Kid n Play originally began their careers as rap rivals, and you can sense a lot of that rivalry in their performances as Kid and Play in “House Party.” Much of that interplay of two rappers pitted against each other is carried over, even though the film establishes them as best friends. Very often “House Party” involves Kid and Play making a move on the same girl, and competing for attention not only for their friends, but from pretty much everyone they come across. Because of that “House Party” is a bonafide party film that is quite the entertaining guilty pleasure, if you’re willing to re-visit the early nineties. Born from the remnants of the eighties, “House Party” is a film that’s awfully dated but still very fun and equally funny to sit through.
As a child I remember sitting through it numerous times and finding it too amusing to skip over on television. “House Party” is your formula coming of age film in the tradition of films like “American Graffiti” and “Dazed and Confused.” It’s set in one night, involves characters coming of age, has a really good soundtrack and is filled with memorable moments that will have you laughing non-stop. From the subtle gems like supporting character Sharane’s little brother dousing kool aid with sugar, to the rap battle between Kid and Play, there’s a lot to like here. Thankfully almost fifteen years later, the film hasn’t lost its charm. The dated music and fashion works in its favor, because you have to take it in context. And if you grew up poor as I did, the jokes work even more in your favor.
Kid n Play aren’t the comedy duo to storm the movies that audiences originally thought they’d be, but they pretty much dominate the “House Party” vehicles which are custom made for them as a means of injecting them in to more mainstream crowds. The premise for the film is simple. Kid gets in to a fight at school with the local bully and is grounded by his domineering father. In spite of the strict punishment he sneaks out to his friend Play’s local house party and now his dad is hot on his heels trying to track him down. Along the way hijinks ensue including crashing an upper crest gathering with George Clinton as the DJ, interrupting a love making session, and much more that are pretty much about as raucous as ever.

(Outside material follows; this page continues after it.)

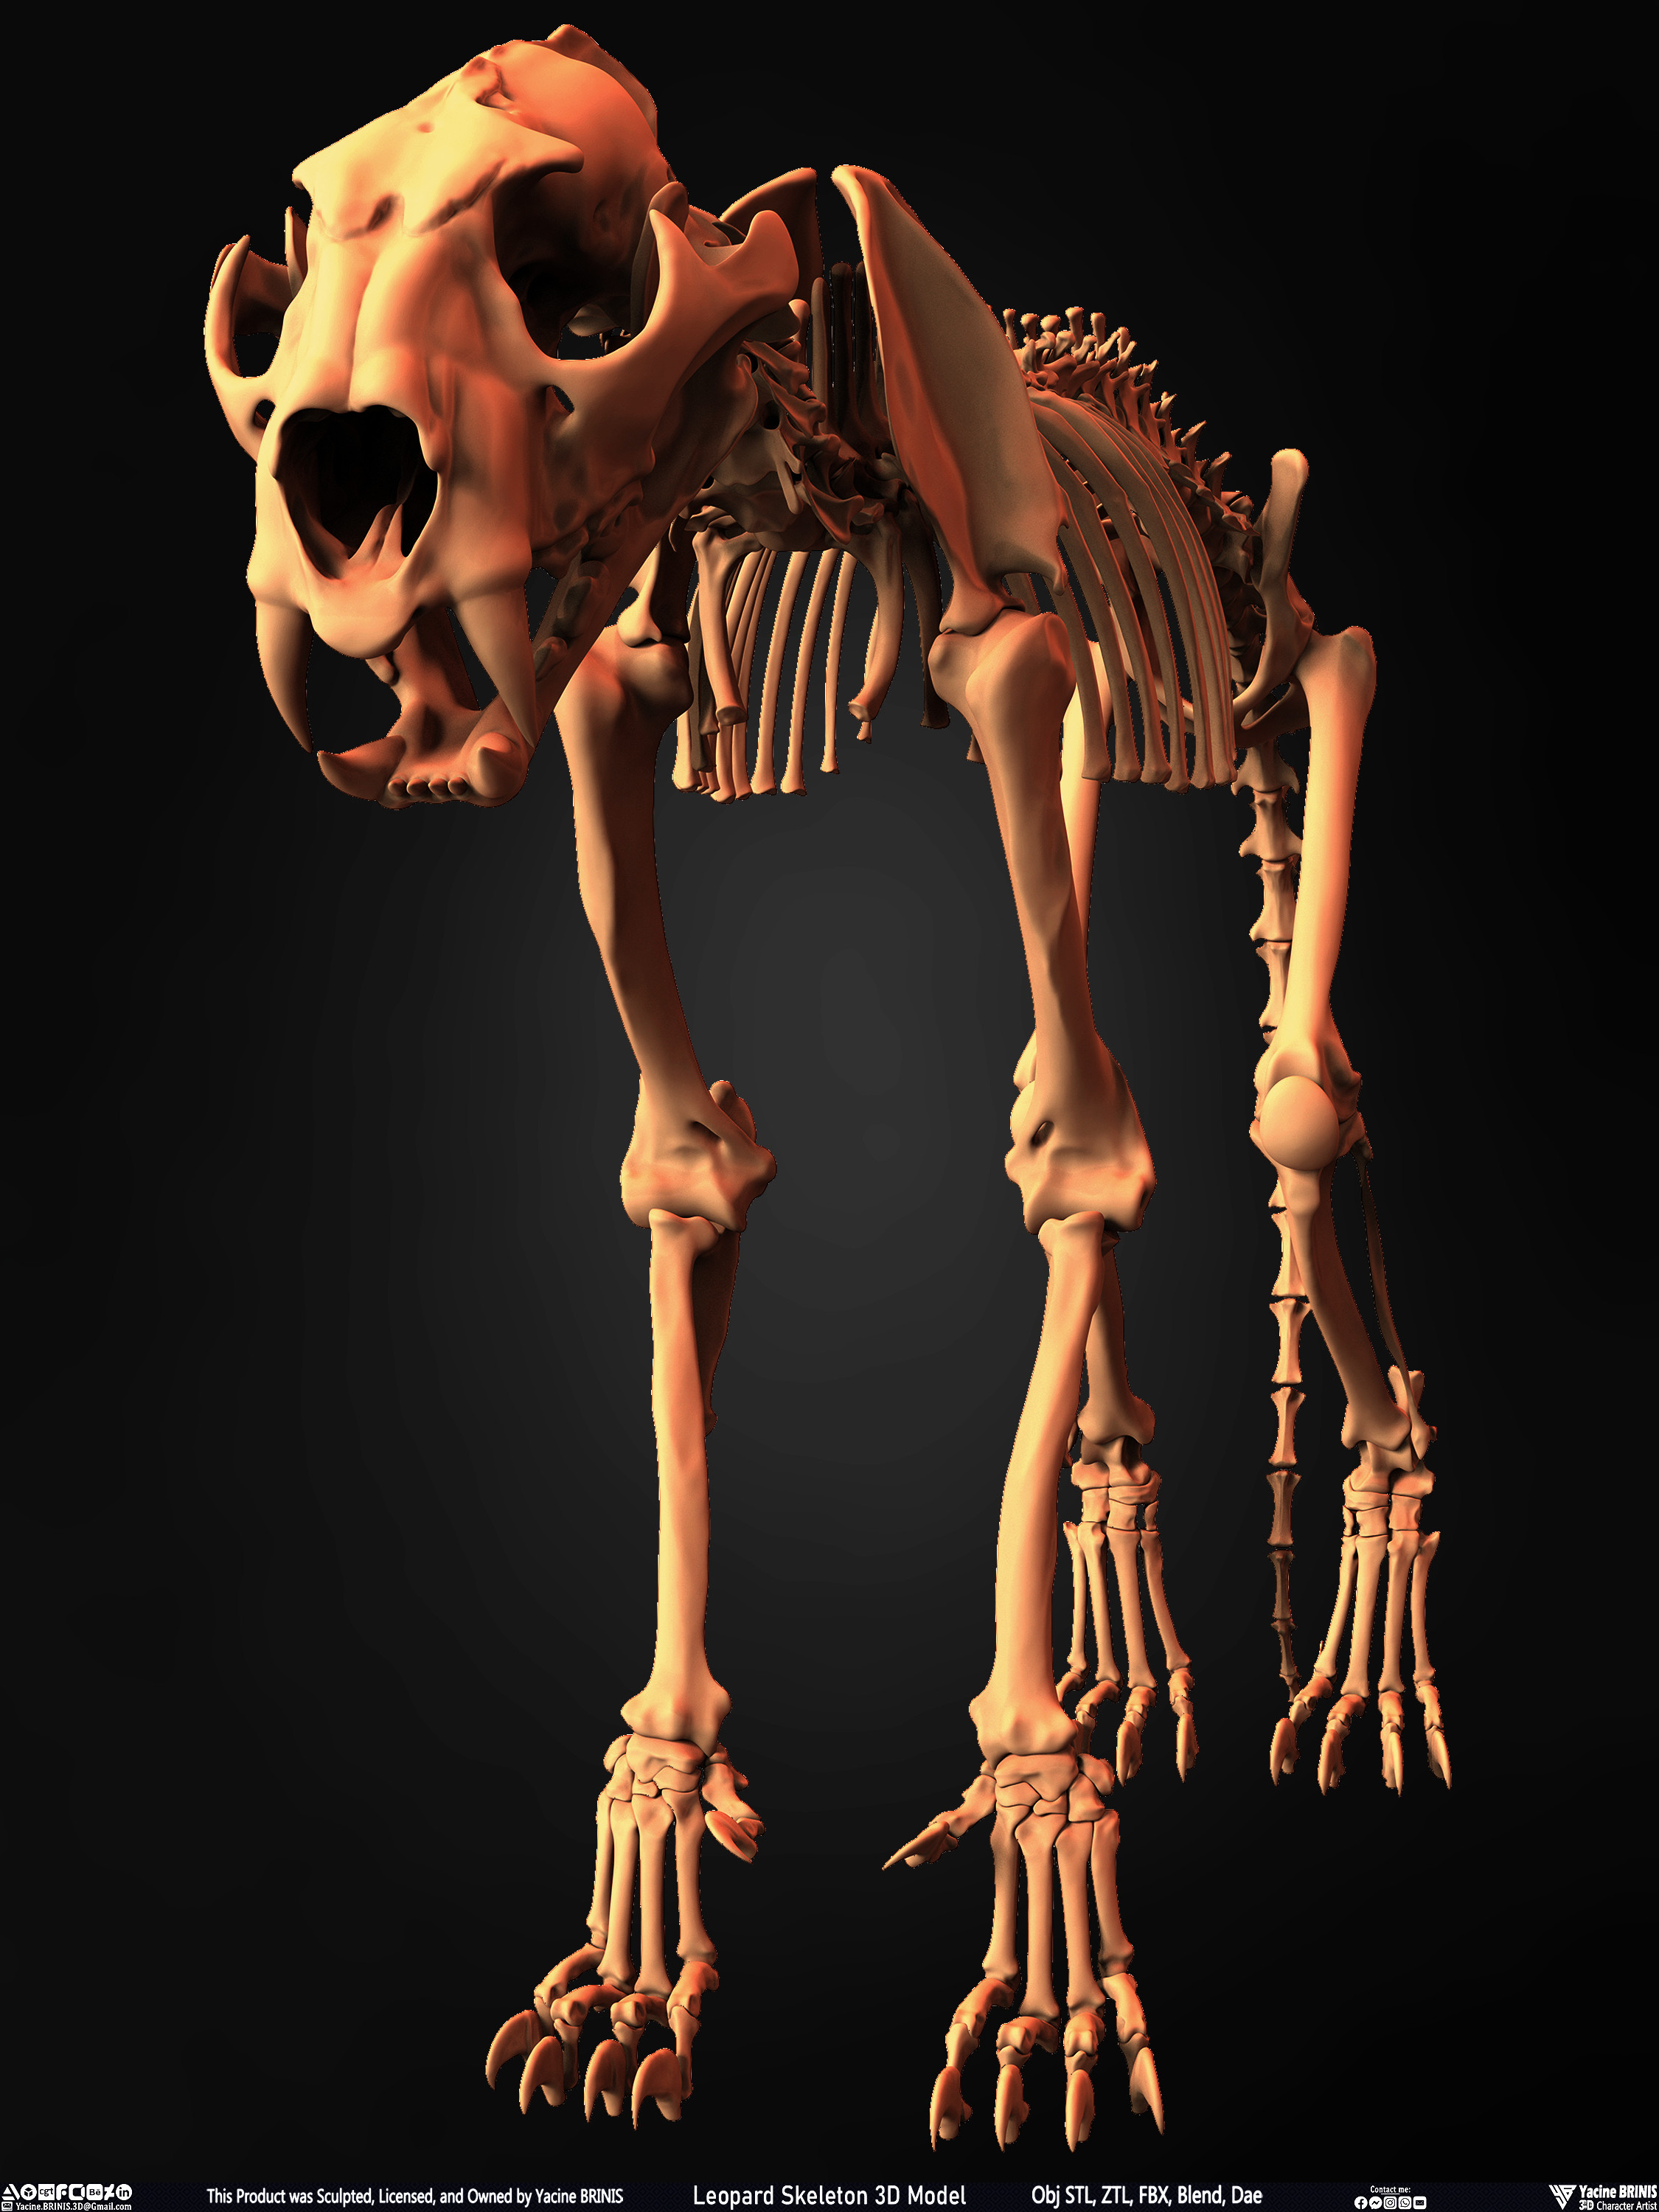 Leopard Skeleton 3D Model Sculpted By Yacine BRINIS 006

Mostly though the show is in the house party where Kid and Play are able to display their charm and charisma taking part in a dance contest with equally charming Tisha Campbell and AJ Johnson, and engaging in a rap battle that is still as sharp and clever as it was in the early nineties. And who can forget the hilarious supporting performance from Martin Lawrence? Thankfully “House Party” sticks to the formula well and doesn’t lose sight of its overall premise, even after the house party ends by the time the climax rolls around, and I’m gladly a fan of the film, not just because it has sentimental value, but because it has value as a comedy and an inadvertent musical. Even though the fashion and slang has dated like store bought bananas,
“House Party” is still an energetic and hilarious party film with charming stars, a killer soundtrack, and some great moments that adhere to the formula and pull off a rewarding experience.